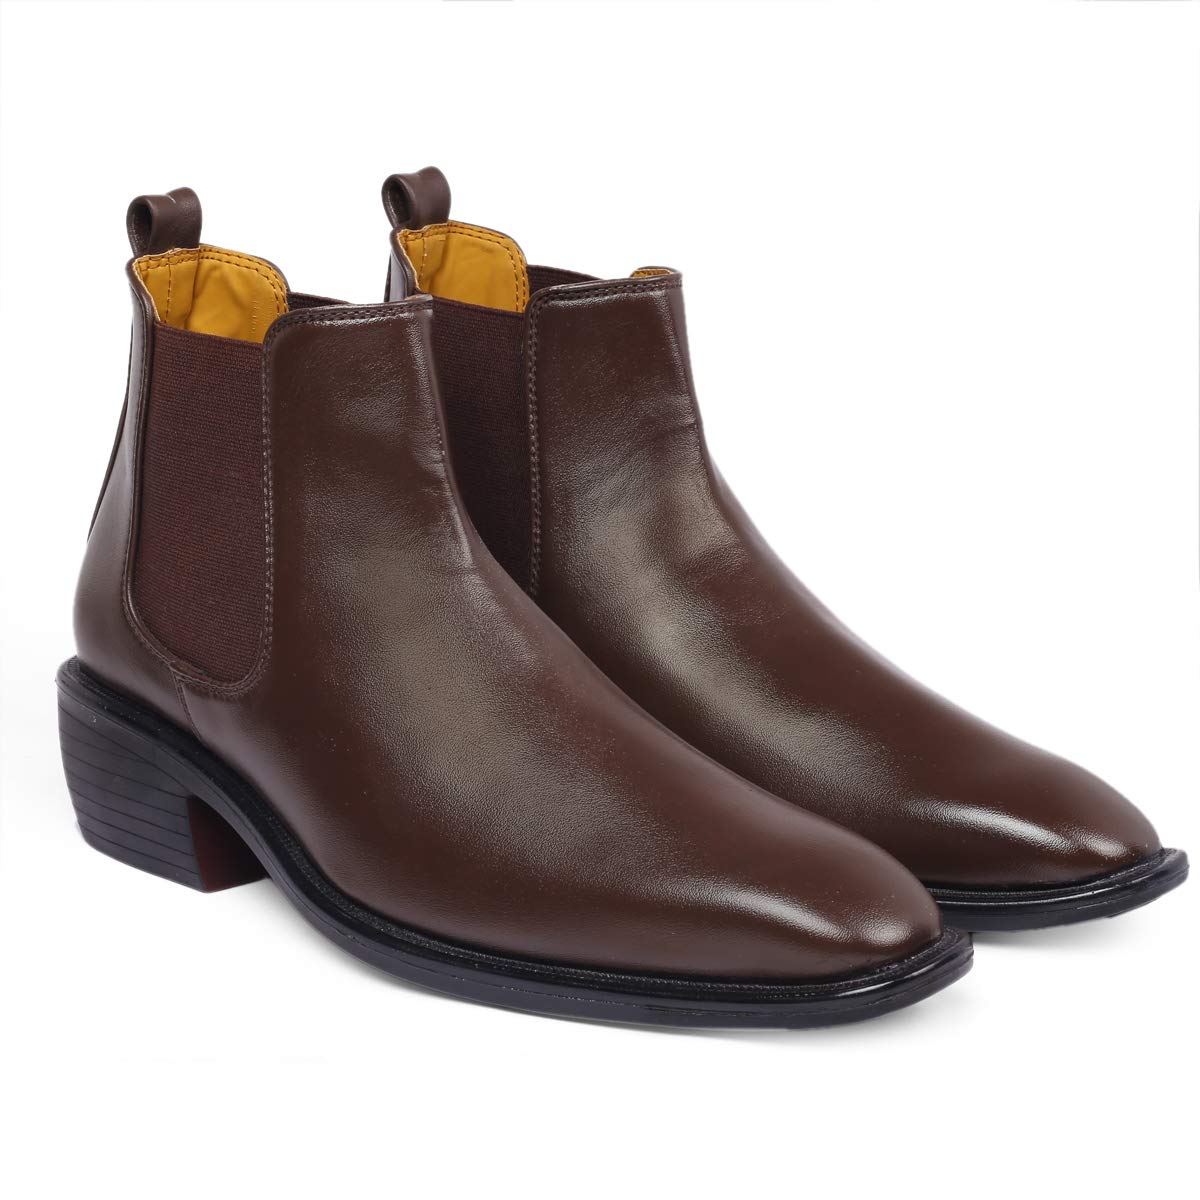 Classy Hight Ankle Height Increasing Brown Chelsea Boots For Men-Unique and Classy
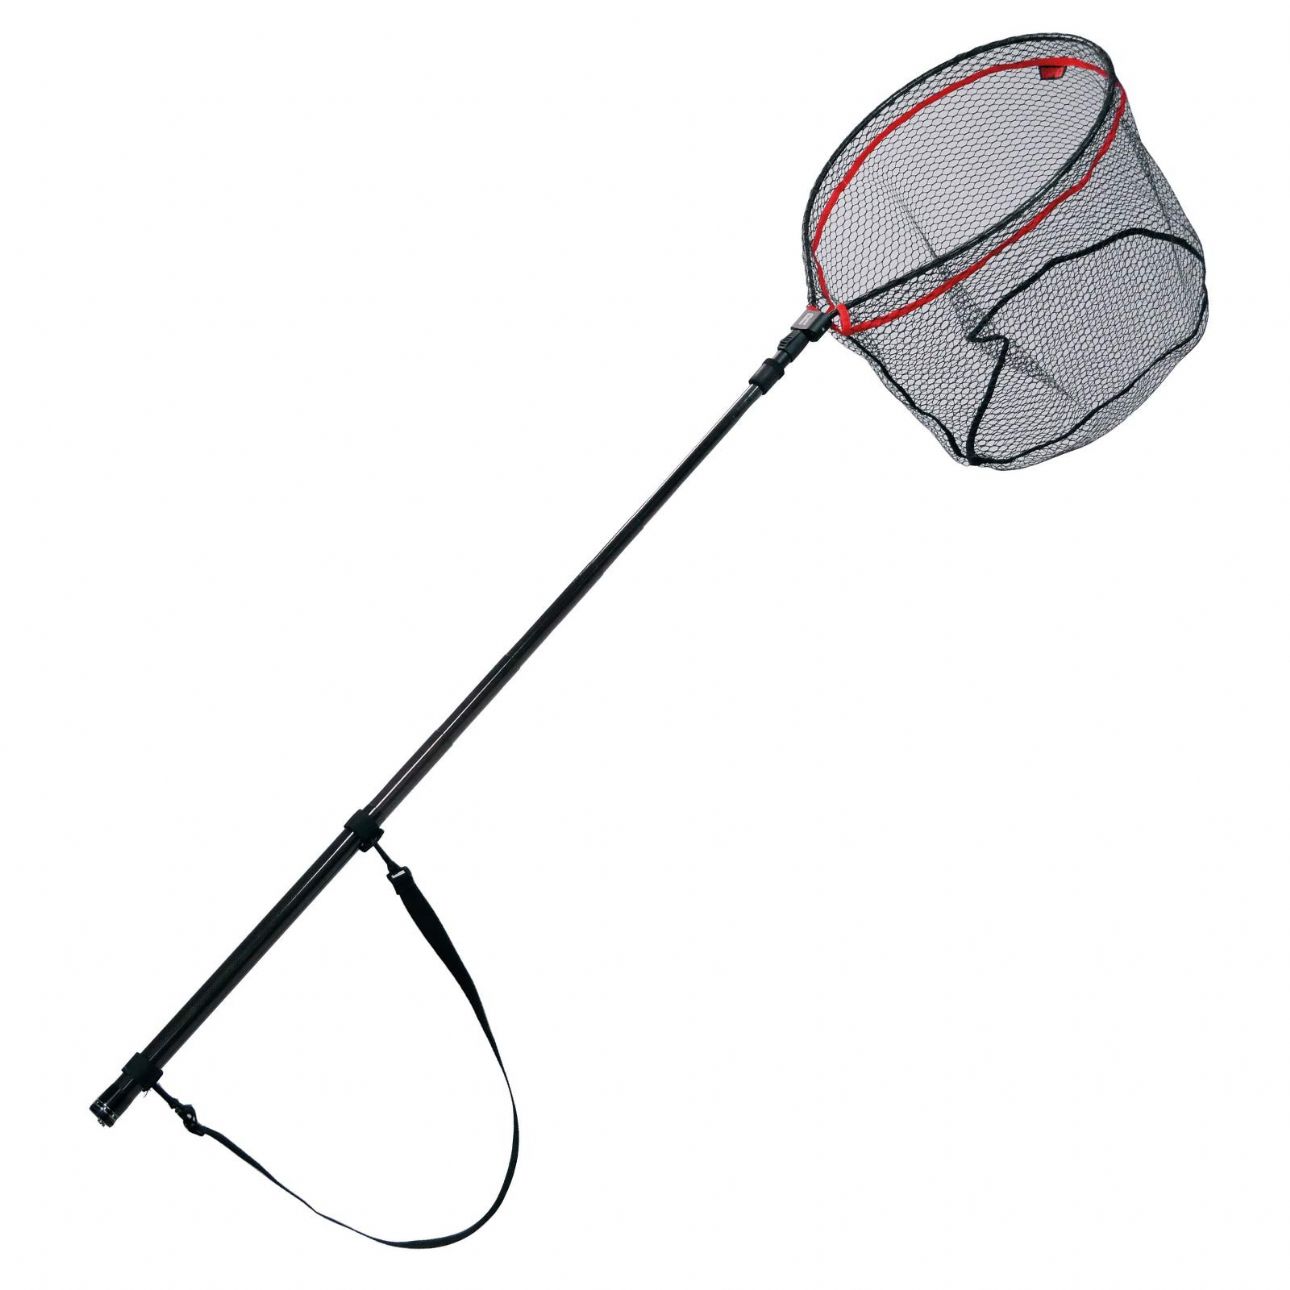 Rapala Karbon Jetty Net with Telescopic Handle from
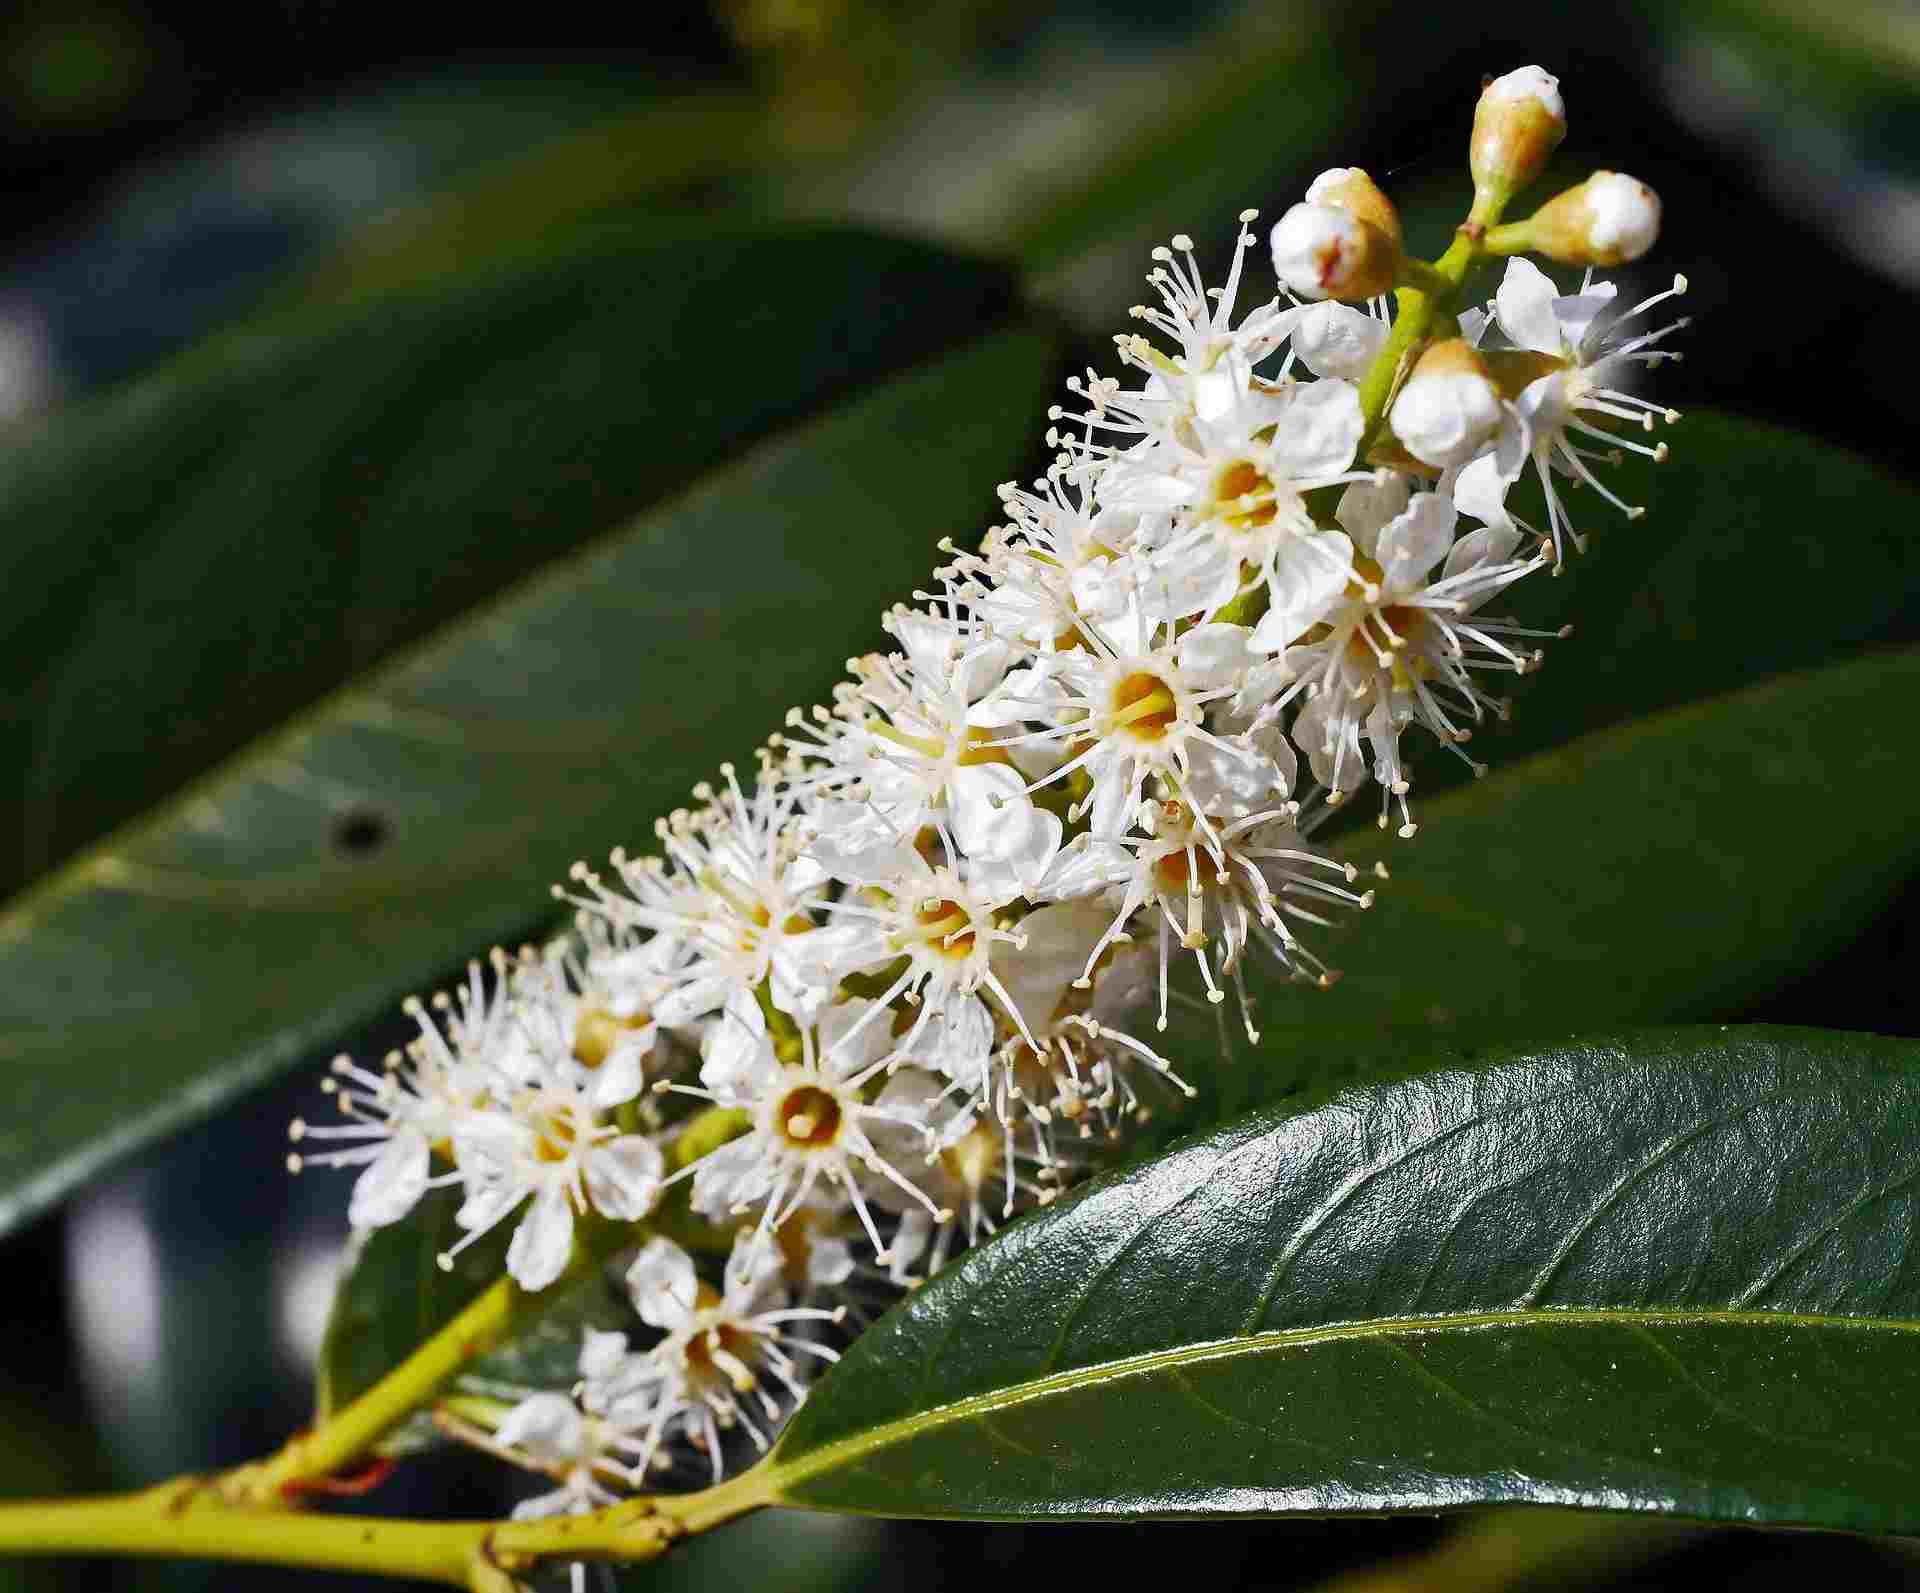 The seeds of the Cherry Laurel tree are poisonous.

# # # # #

### EXERCISE INSTRUCTIONS
The answer is the listing above restated word for word, pictures removed.

### YOUR SOLUTION
 Classy Hight Ankle Height Increasing Brown Chelsea Boots For Men-Unique and Classy
 Rapala Karbon Jetty Net with Telescopic Handle from
 The seeds of the Cherry Laurel tree are poisonous.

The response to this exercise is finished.